На такую искреннюю просьбу невозможно не откликнуться. Тем более что юноша невольно тронул любимую струнку в душе репортера. Позабыв про холод, Данонкин собрался горячо рекомендовать юноше парочку премьер. Как вдруг на перекресток выскочила полицейская пролетка, с которой буквально скатился нарочный, почти мальчишка, побежал к заветным воротам, заглянул в них, выпрыгнул наружу и подскочил к афишной тумбе.
– Га-сдин… Ваз-ров… – задыхаясь от спешки, прокричал он. – Фу, еле нашел… В участке… Нет… Сказали… Здесь… Прошу со… Ох… Мной… Срочно…
Срываться с места в карьер Ванзаров не спешил:
– В чем дело?
– Господин полковник… Вендорф… Оскар Игнатьевич… Требует… Вас… Лично… Немедленно… Прошу вас… Транспорт дали…
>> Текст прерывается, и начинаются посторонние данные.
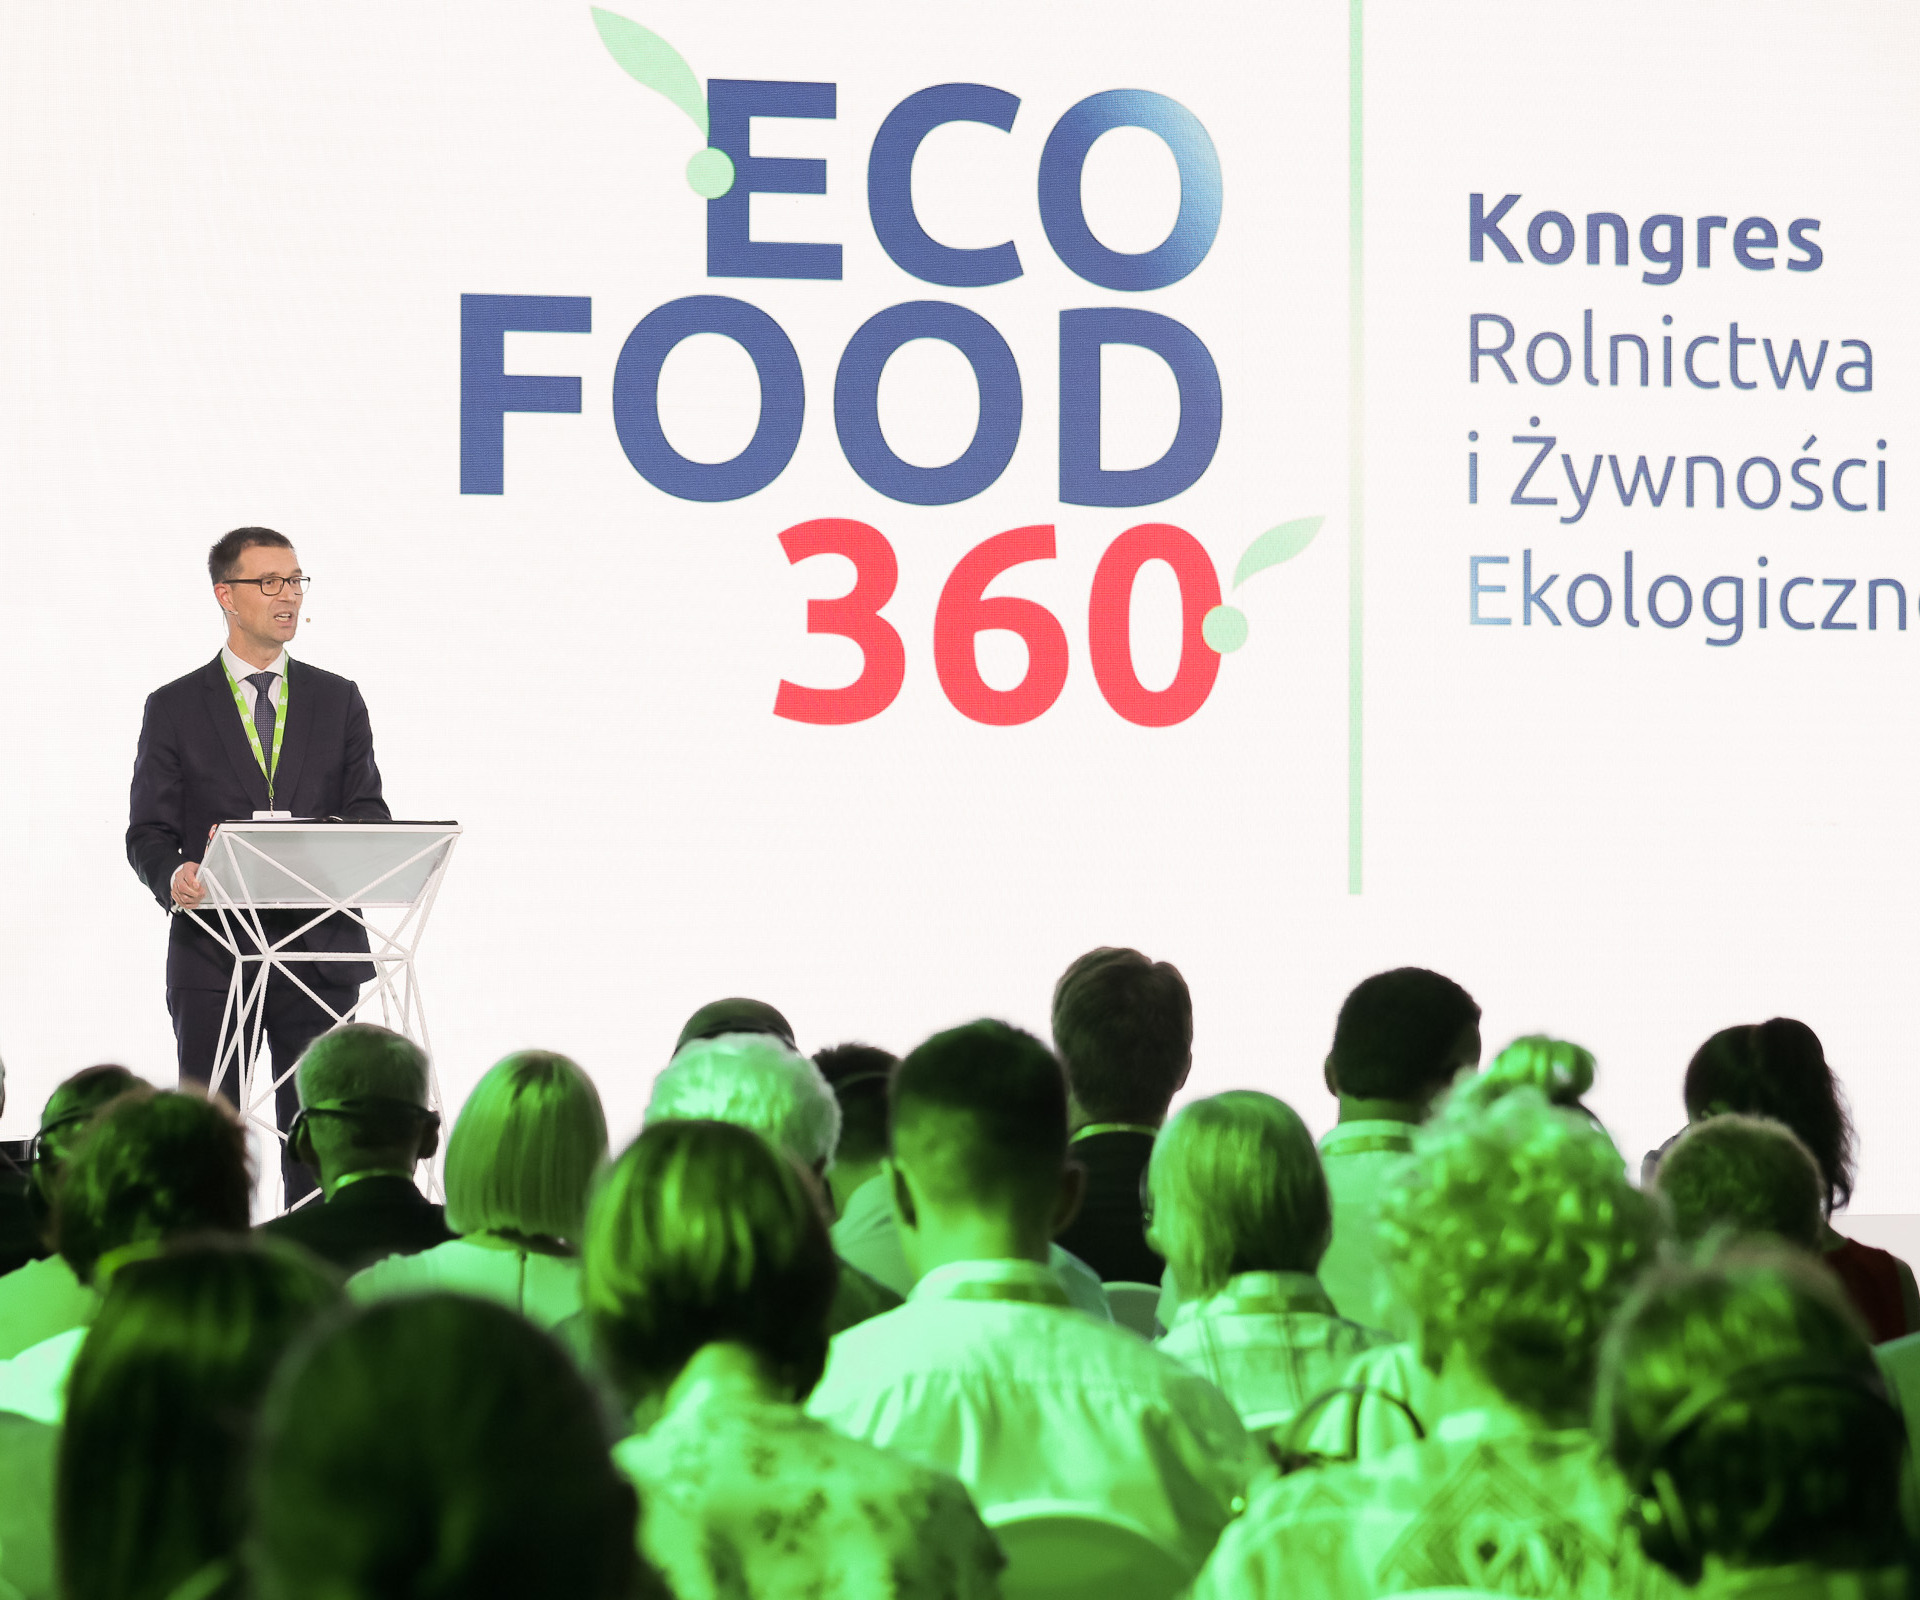 ECO FOOD 360 Congress

Юный сыщик, слегка похожий на мишку средней упитанности, отвесил легкий поклон и непринужденным шагом отправился к пролетке, на которую запрыгнул изящной птичкой.
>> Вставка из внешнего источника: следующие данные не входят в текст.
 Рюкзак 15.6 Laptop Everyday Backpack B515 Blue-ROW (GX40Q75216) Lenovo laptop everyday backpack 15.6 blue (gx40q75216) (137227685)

Месье Данонкин погрузился в раздумья: разве понадобится самому полицеймейстеру 1-го отделения столицы бездарный и недалекий чиновник, да еще срочно? Вдруг самое интересное как раз и начнется там, куда отправился Ванзаров? Может, попроситься с ним? Но пока тянулись размышления, пролетка исчезла с глаз.
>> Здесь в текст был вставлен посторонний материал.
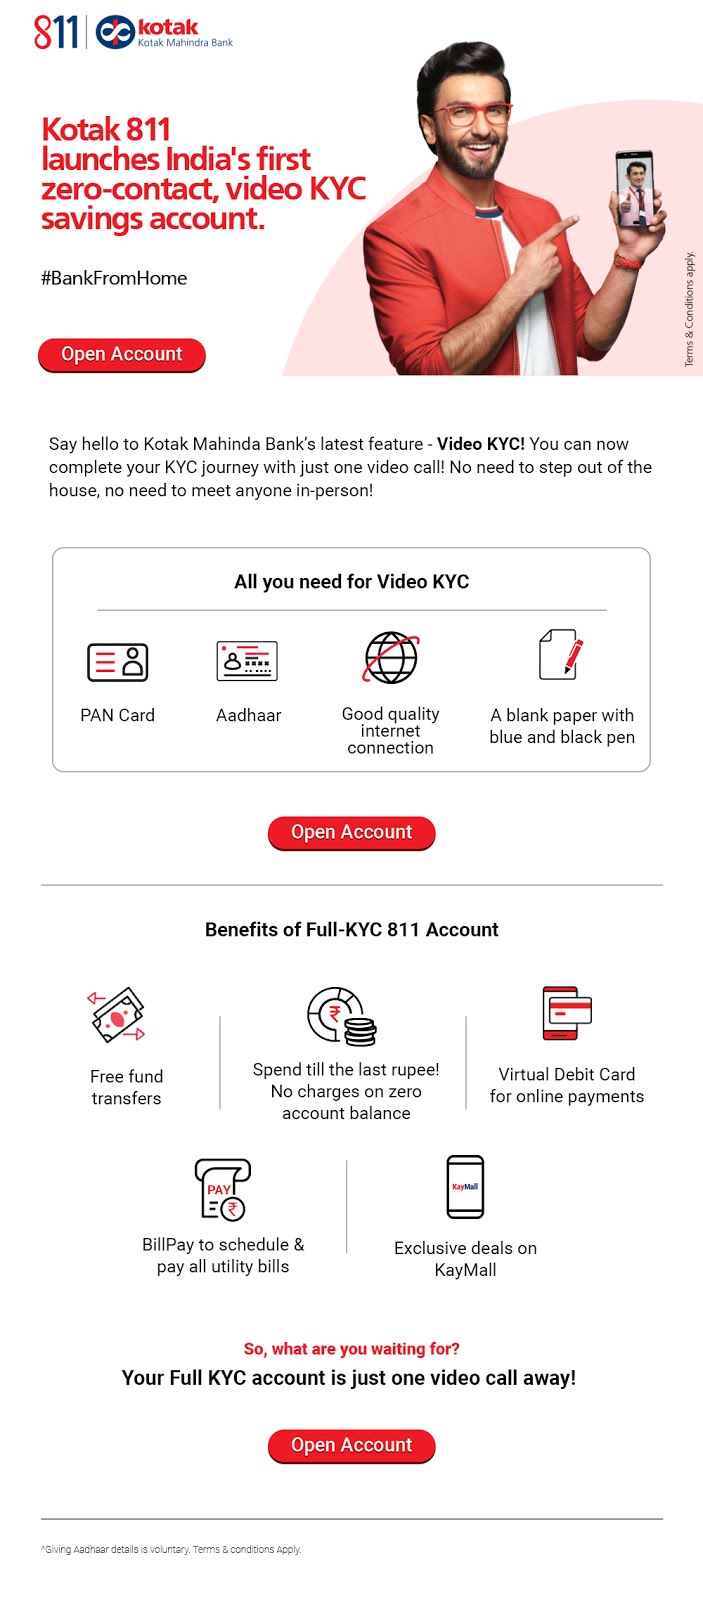 India’s first zero-contact Video KYC Savings Account

Досадуя, что выпустил из рук сенсационный репортаж, Данонкин стал искать пристава, но Желудь, как назло, исчез, а вместе с ним и героическая облава. Словно тьма и ветер поглотили их. Только остались пустые тротуары да одинокие фигуры, спешащие неведомо куда. Даже дворник засадной подворотни сгинул, бросив скрипящую калитку на вой сквозняка.
Эхом завыла метель в душе репортера. Запахнув плотнее воротник, побежал он трусцой в редакцию, чтобы отразить уж как-нибудь героические подвиги полиции в завтрашнем выпуске. Но первым делом – изгнать морозец из тела графинчиком водки с обильным холодцом.
Служебная пролетка бойко стремилась по Невскому проспекту. Весело цокали подковы по морозному насту, игриво мигали огоньки праздничных гирлянд, витрины магазинов сияли иллюминацией, воздух пронизывали радостные предчувствия. Но в душе чиновника полиции не нашлось искры праздника. Тоскливо и кисло там было, как в забытом чулане. Заглядывать туда пока не время, успеем еще.
Сосед по жесткому сиденью натянул спасительную накидку до груди, шмыгал носом и старался делать вид, что равнодушно разглядывает окрестности. Сам же бросал внимательные взгляды вбок, словно не решаясь заговорить о чем-то важном. Надо спасать юношу от косоглазия.
– Вас как зовут? – спросил Ванзаров внезапно строгим тоном.
Парнишка, которому на вид не исполнилось еще и двадцати, оживился и, немного волнуясь, представился Николя Гривцовым, коллежским регистратором 2-го Литейного, даже поклончик не забыл. Чин его был самым младшим в чиновничьей иерархии, а потому юношу, скорее всего, гоняли в хвост и в гриву все, кому придет охота. Кто за папиросками, а кто за Ванзаровым.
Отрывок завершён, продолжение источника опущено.